My wife wanted $5 to replace her spoon, and I am not to beat myself up with her things.Again on that last.
I honestly thought it was mine. I couldn't sleep without hitting myself with it repeatedly, as well as whacking myself in the head with a phonebook.
As to why I hit myself...long story...
My wife bonds through us doing things together.
The thing is I'd just rather curl up around my agony at home then have to go out in public and try to act normal...well...then again, past the age of 4 when have I ever acted normal...hmm...
I act ok enough to not (a) be victimized, or (b) have emergency services called on me on the spot.
Being ambiguously gendered and kinda...Christopher-Walkenish? helps with the former, and cutting only on the nonvisible body parts helps with the latter.
At any rate:
I emailed my wife regarding going out together and said it was like she'd told someone with two broken femurs they needed to learn ballroom dancing to save their marriage.
But then I emailed her again...and told her I relinquish control.
She can compel me to do...whatever she wants in terms of bonding activities that please her, the only stipulation being that she not ask me whether I want to, I won't lie.
I don't want to do anything anymore, not even watch a movie, I try to focus and...*bloop* I get restless, I lose focus, the pain resurfaces and it all just seems bloody pointless.
But it will make her feel connected, so I have to.
This voluntary giving-up of the power to say no terrifies the living fuck out of me, because she...has no clue how to take me somewhere and not trigger me.
All she has to do is raise her voice in a vehicle, really, that's such a powerful trigger that I told her I want to start riding in the back of the pickup, and I really, really resent she won't let me ride in the back because it bothers her!
I'd rather she strapped me to the fucking hood like a trophy buck than shout at me.
But...I think I've gotten to the point where either I force myself or someone forces me to...I dunno, not be an animate corpse anymore.
If I were any less lively, they'd have to put me in the morgue at my job.
Speaking of which.
Speaking of which.
I really want to die.
And no, my wife's not holding me here.
I get the feeling she does not truly need me the way I need her or understand what I am going through, that's why.
When I remembered the first time dad raped me over the summer and was just...this ragged, gaping wound inside...she was working the night shift, so when I got home, got down on the floor and was rocking, shrieking until my voice went out...or sometimes it was my cuppy-chair, but you get the point.
She didn't get it when I told her how bad it was, and really I didn't feel safe telling her how bad it was anyway...so she was really shocked when she saw what I was calling "a good cry." Fetal position, age regression, screaming, shaking, rocking...that was every night for a couple of months this summer.
Squirrel still needs me.
He's still in a psych ward, still struggling.
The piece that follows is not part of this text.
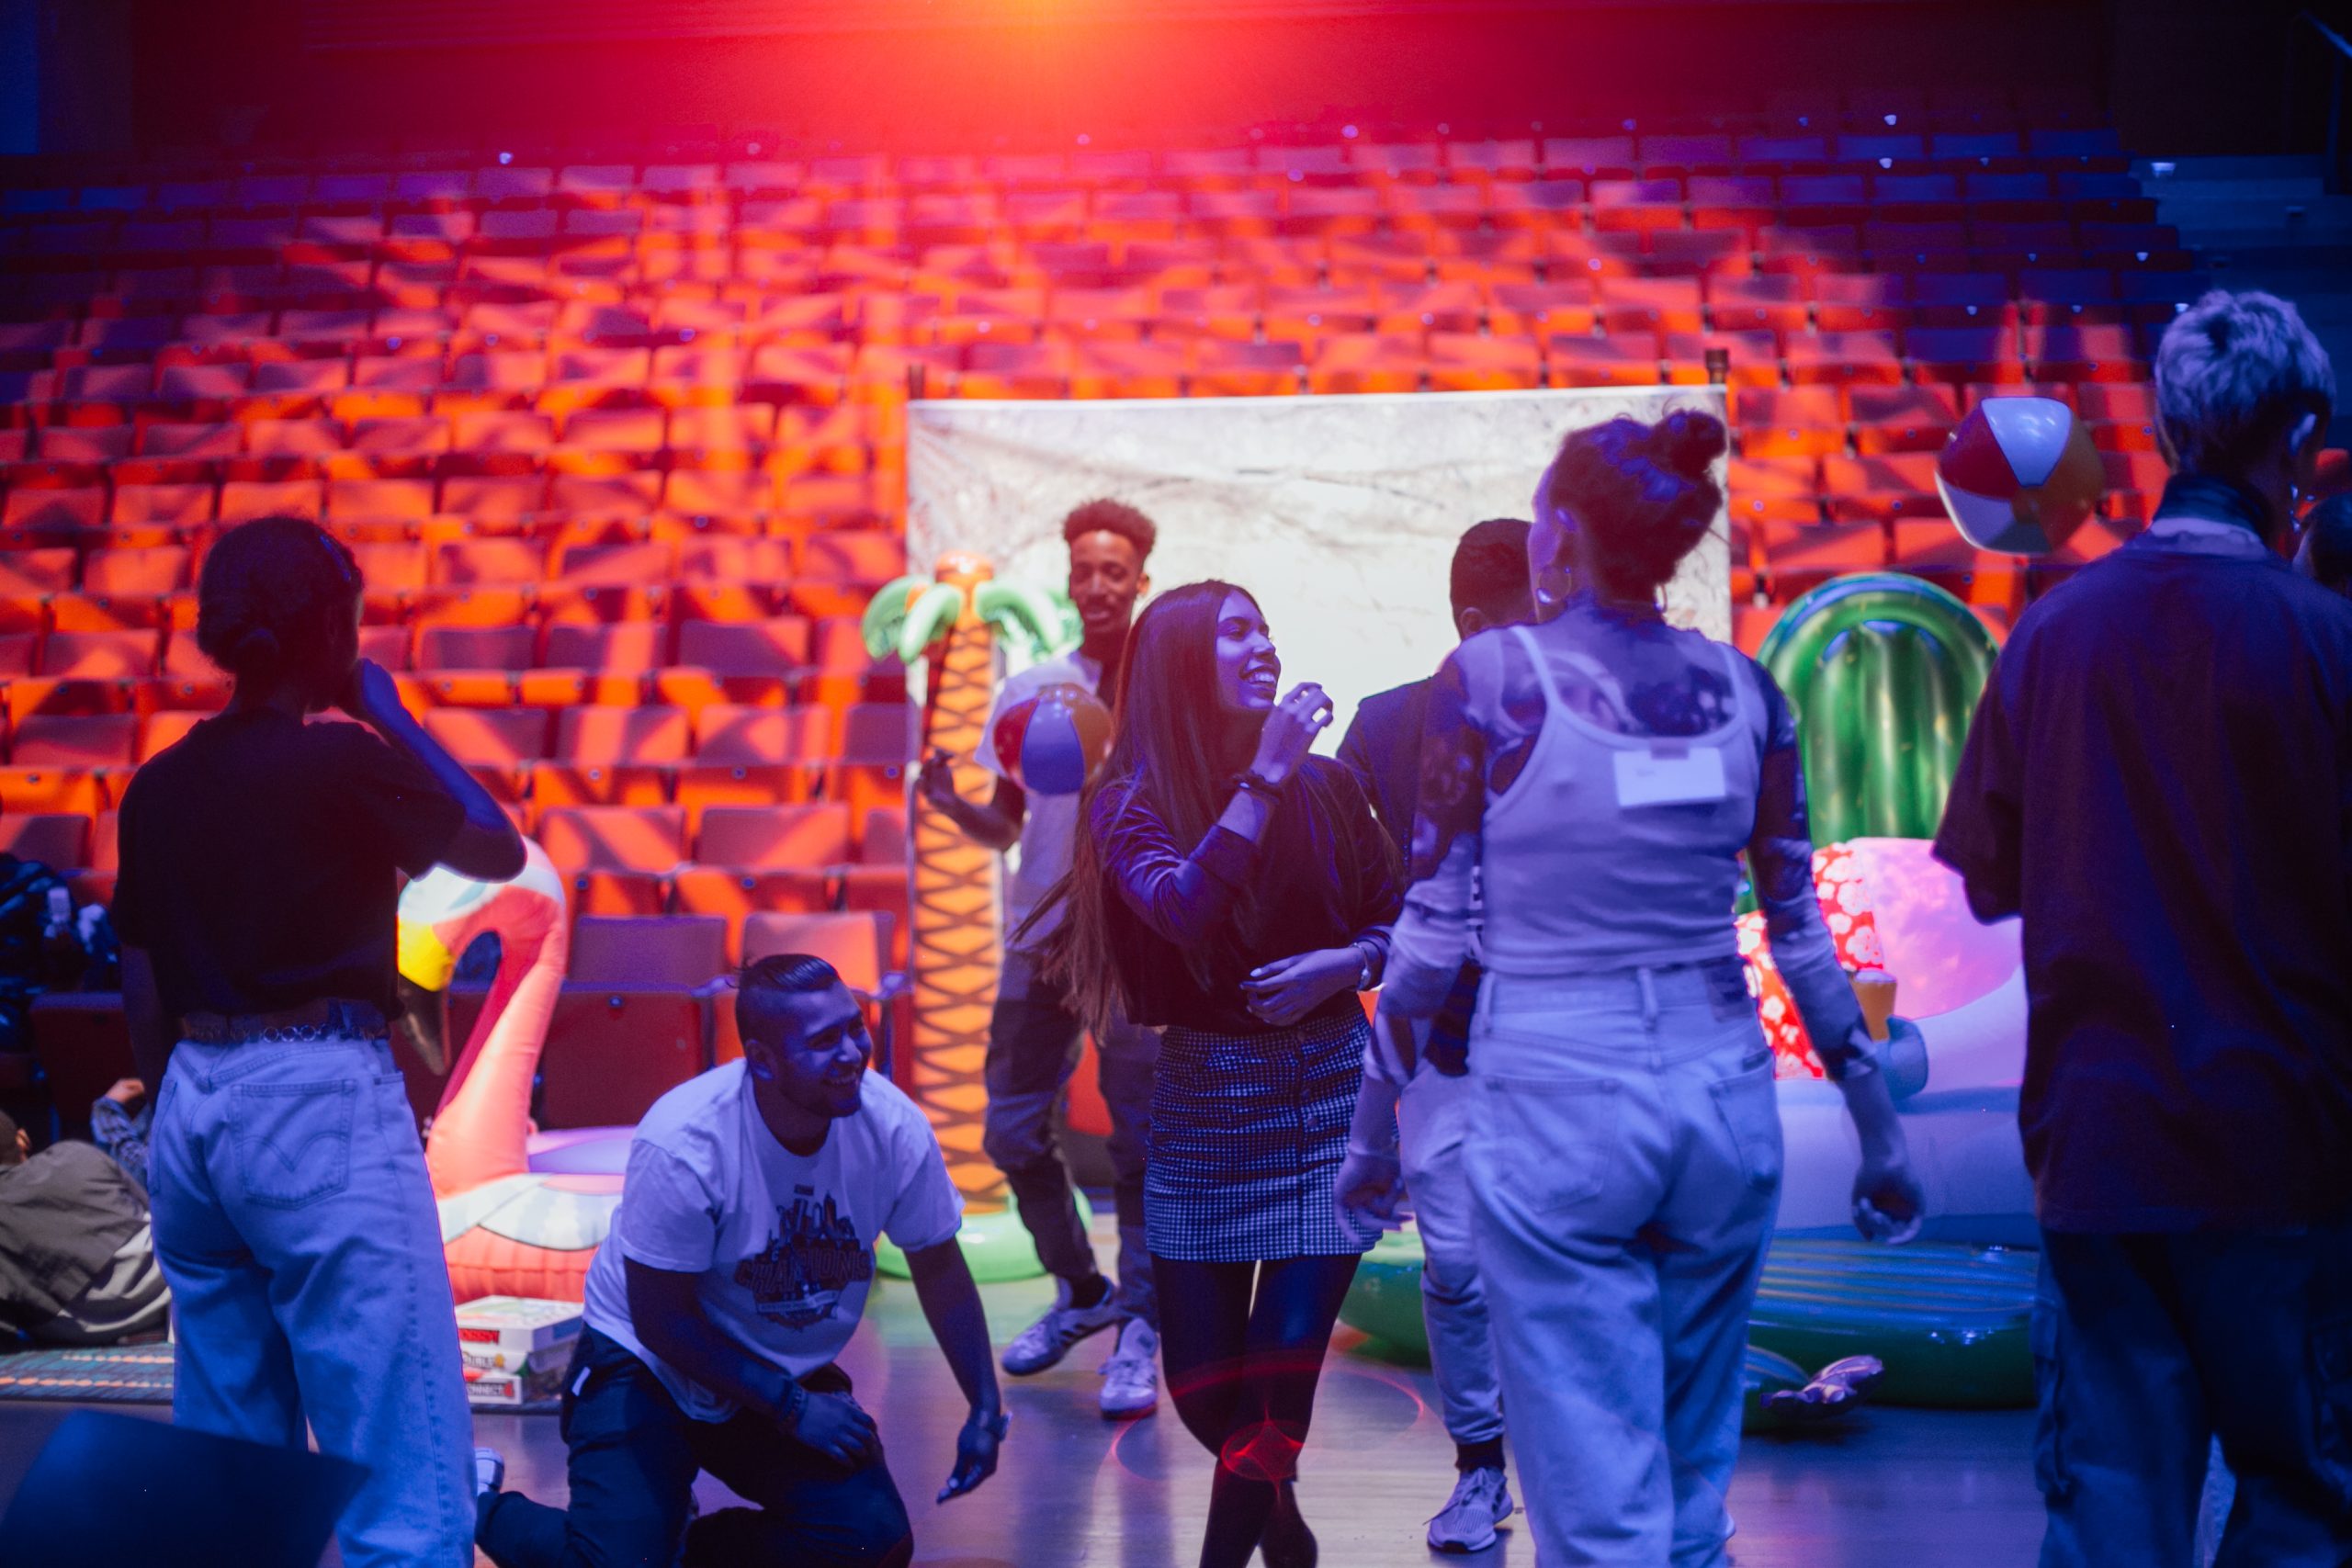 A group of teenagers socialize at the floor of a theatre, standing in front of a photoshoot display with tropical-themed props.

If I pull the trigger on myself I'm almost certainly doing so to him.
He's my anchor.
I'm what he has left...poor guy.
I told him I broke a wooden spoon on myself today, and he said "There's nothing I can say without being a hypocrite."
This last month he cut badly enough that, in his words, he was "leaking too much." So, having a needle and thread he handily sewed himself up again.
The psych people took away his needle and thread.
Guess they want him sutured by professionals then.
No, he's not doing so well either.
I told him I loved him, he told me he loved me, I teared up That part is usual.
Hmm, think I need to curl up in the office chair. Yeah, I'm putting on weight again, dammit. Fetal position in chair is becoming not so comfy.
I ought to force myself to bicycle when I go home tonight. I really ought.
Today I saw the ospreys are back from wherever it is they winter.
I might go for a trespass down there, but that pair is too wary to let me get anywhere near close enough for my camera to take a good picture.
The willow tree is in bloom, and covered with bees. In about a month or so it will start putting out fuzz like the world's biggest dandelion.
The bird feeder I made last year has finally been discovered by a pair of cardinals. The feeder is literally leaning up against the window, and so the birds are right there.
The cats find this amazing
I am finding squashed little turtles on the road. I keep thinking if I find a live one I might keep it-I'm pretty good with turtles...but then again, I already feed too many animals as it is.
I still need to get my motorcycle hauled to a shop and repaired. Need to see about having that done, should see if I can schedule a wrecker on Friday or Saturday.